Alignment-based secondary structure prediction of betacoronavirus 3′ genome regions. The viruses included in this analysis represent all currently recognized lineages and species in the genus Betacoronavirus. The alignment was generated using LocARNA and the structure was calculated using RNAalifold. The consensus sequence is represented using the IUPAC code. Colors are used to indicate conserved base pairs: from red (conservation of only one base-pair type) to purple (all six base-pair types are found); from dark (all sequences contain this base pair) to light colors (1 or 2 sequences are unable to form this base pair). Gray bars below the alignment indicate the extent of sequence conservation. Gray shadows are used to link RNA structures with the corresponding dot-bracket notations above the alignment. (A) Alignment-based secondary structure prediction of the bulged stem-loop (BSL) in the 3′ UTR. (B) Alignment-based secondary structure prediction of the pseudoknot (PK) region in the 3′ UTR. Note that PK-SL1 is an alternate structure that requires base-pairing interactions between the loop region of PK-SL2 and the basal part of the BSL shown in (A). Formation of the BSL basal part and PK structure, respectively, are mutually exclusive (see text for details). (C) Alignment-based secondary structure prediction of the hypervariable region (HVR) in the 3′ UTR. To refine the alignment, an anchor at the highly conserved octanucleotide sequence was used.

Fig. 6

Alignment-based secondary structure prediction of alphacoronavirus 3′-terminal genome regions.
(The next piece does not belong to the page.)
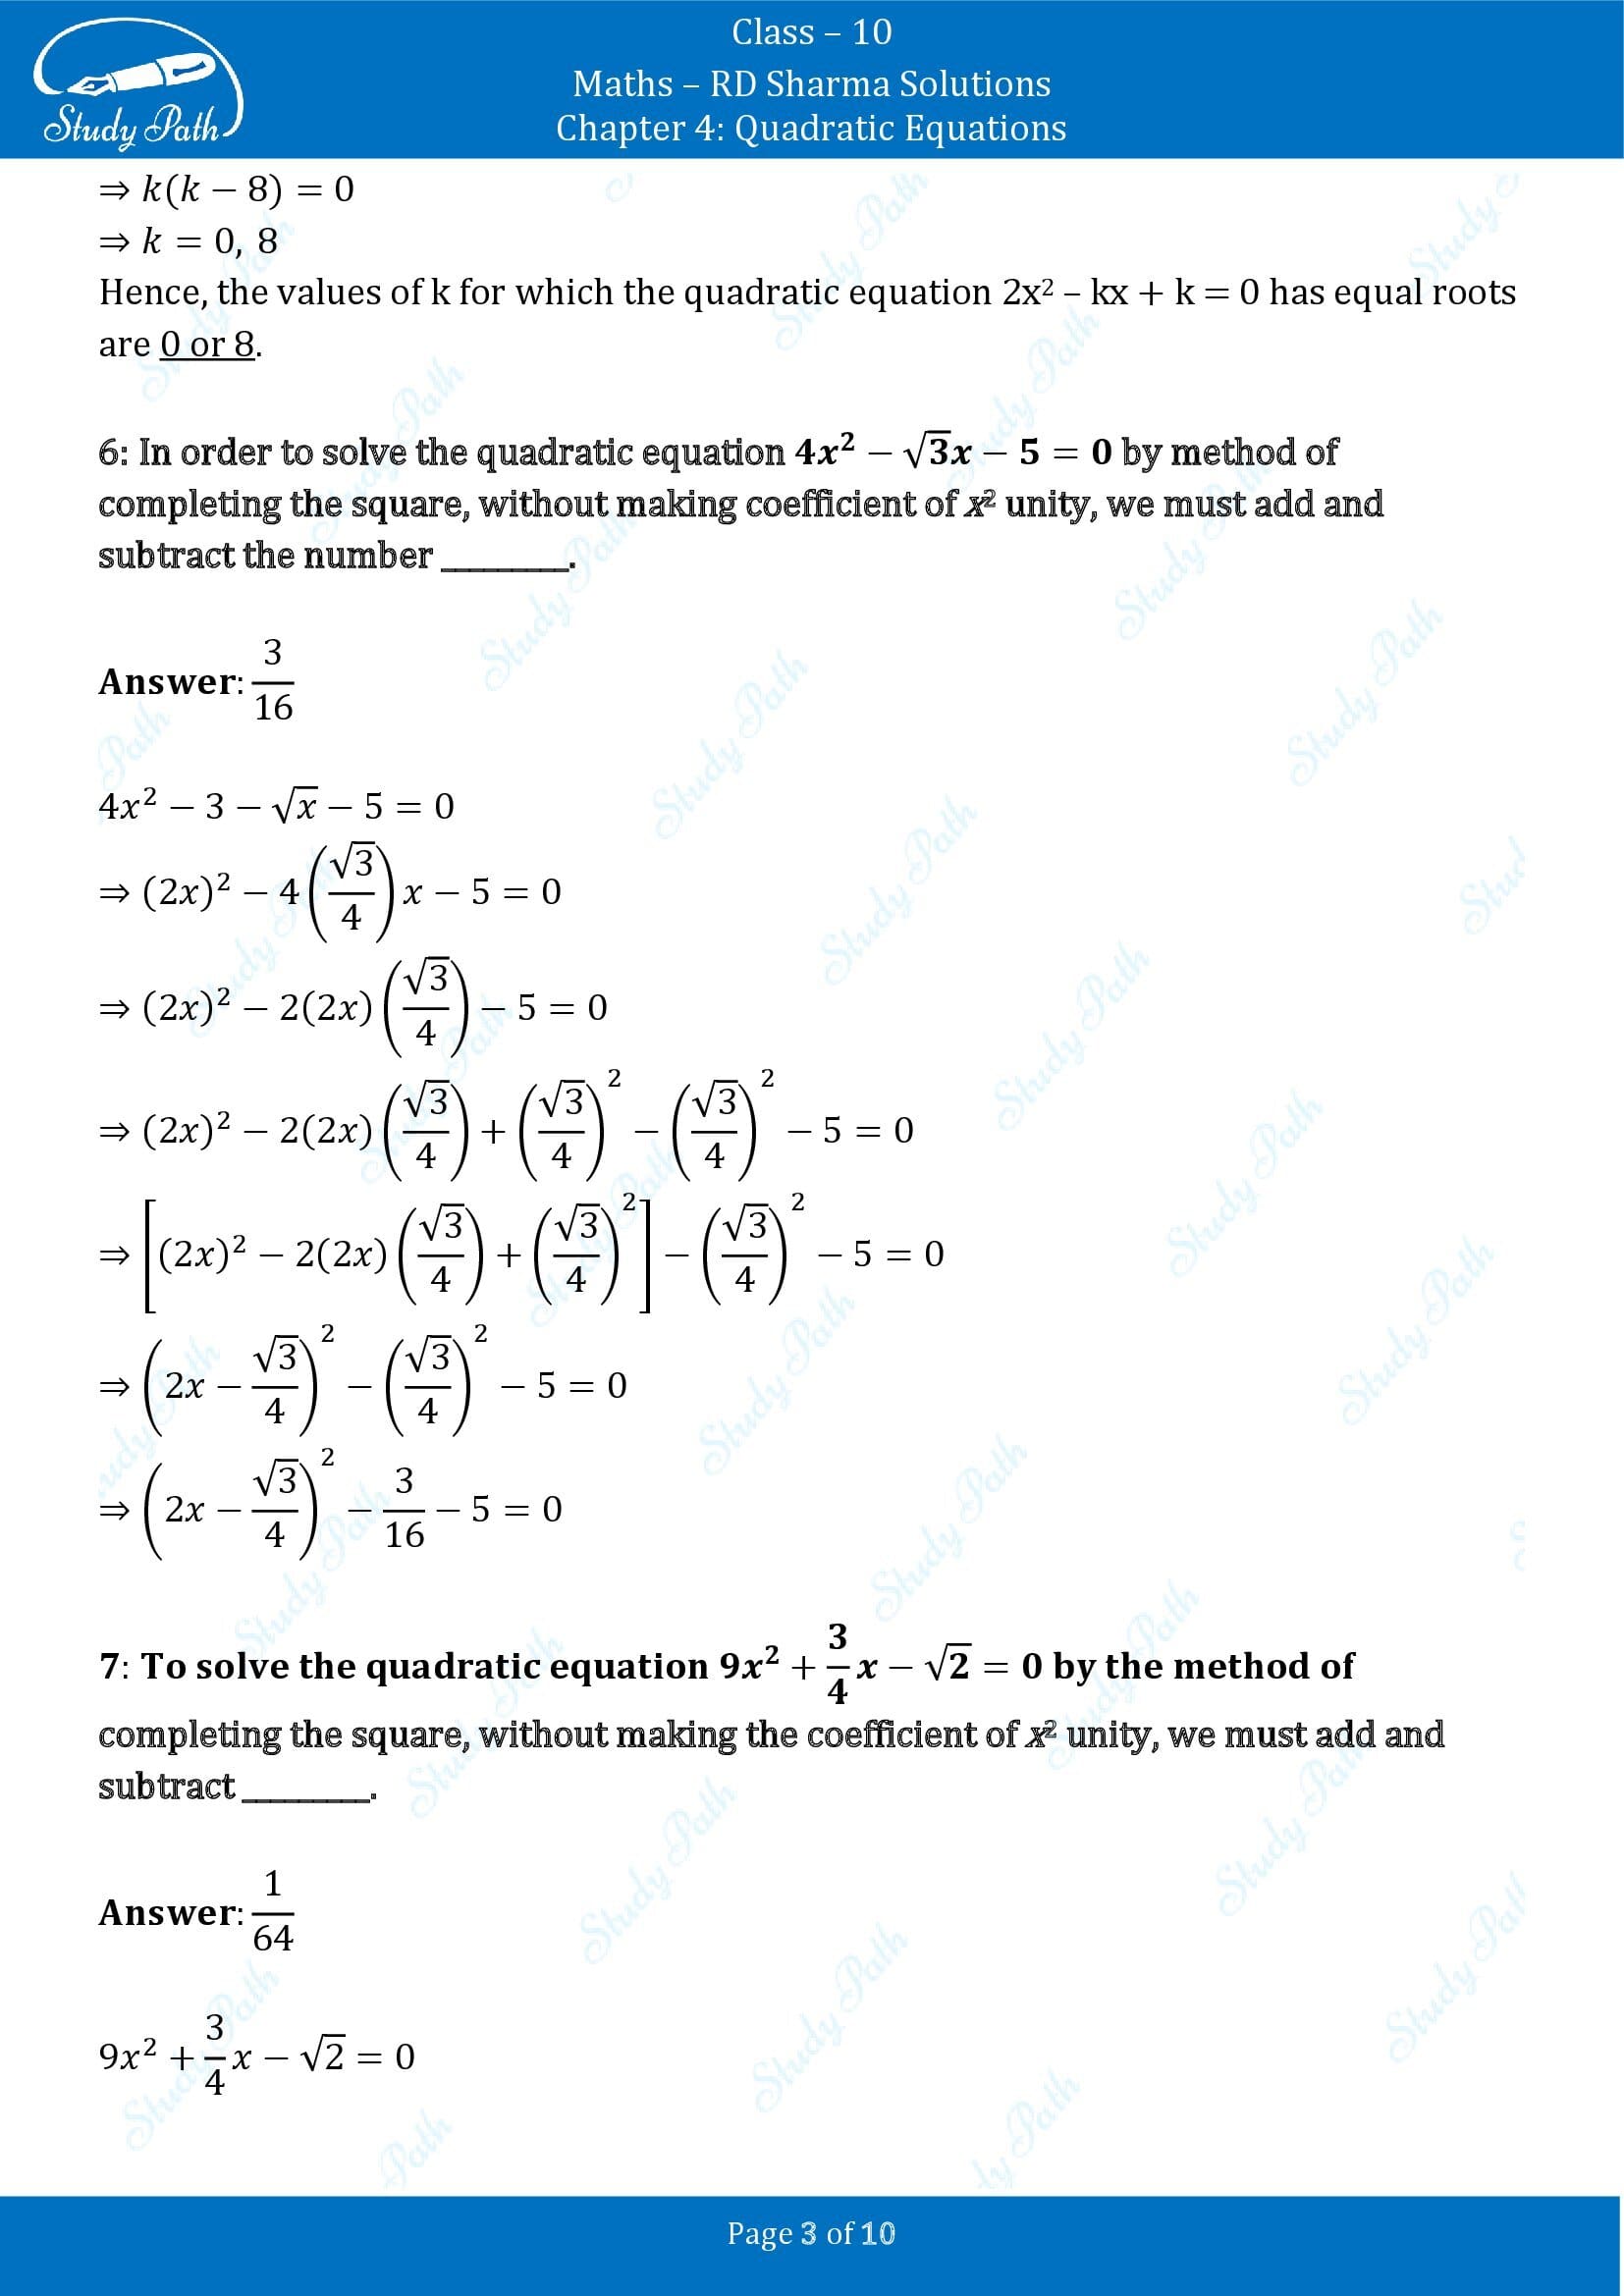 RD Sharma Solutions Class 10 Chapter 4 Quadratic Equations Fill in the Blank Type Questions FBQs 00003

The viruses included in this analysis represent all currently recognized species in the genus Alphacoronavirus. The alignment was calculated by LocARNA, the structure by RNAalifold. The consensus sequence is represented using the IUPAC code. Colors are used to indicate conserved base pairs: from red (conservation of only one base-pair type) to purple (all six base-pair types are found); from dark (all sequences contain this base pair) to light colors (1 or 2 sequences are unable to form this base pair). Gray bars below the alignment indicate the extent of sequence conservation at a given position. Gray shadows are used to link RNA structures with the corresponding dot-bracket notations above the alignment. (A) Alignment-based secondary structure prediction of the pseudoknot (PK) region in the 3′ UTR. Formation of the stem of PK-SL1 requires base-pairing interactions with the loop region of SL2. Formation of the PK and the two SL structures shown above the alignment are mutually exclusive (see text for details). (B) Alignment-based secondary structure prediction of the hypervariable region (HVR) in the 3′ UTR. To refine the alignment, an anchor at the highly conserved octanucleotide sequence was used.

Fig. 7

RNA secondary structure predictions of 3′-terminal genome regions of HCoV-229E (A) and HCoV-NL63 (B). Predictions were generated using RNAfold --noLP -C. As constraints, structure probing data were used. Formation of the predicted pseudoknot (PK) requires base-pairing interactions between the loop region of SL2 and an upstream sequence (and, possibly, structural rearrangements), resulting in the formation of PK stem 1 (PK-S1) as indicated. Also shown is the octanucleotide sequence that is conserved across all genera of the Coronavirinae.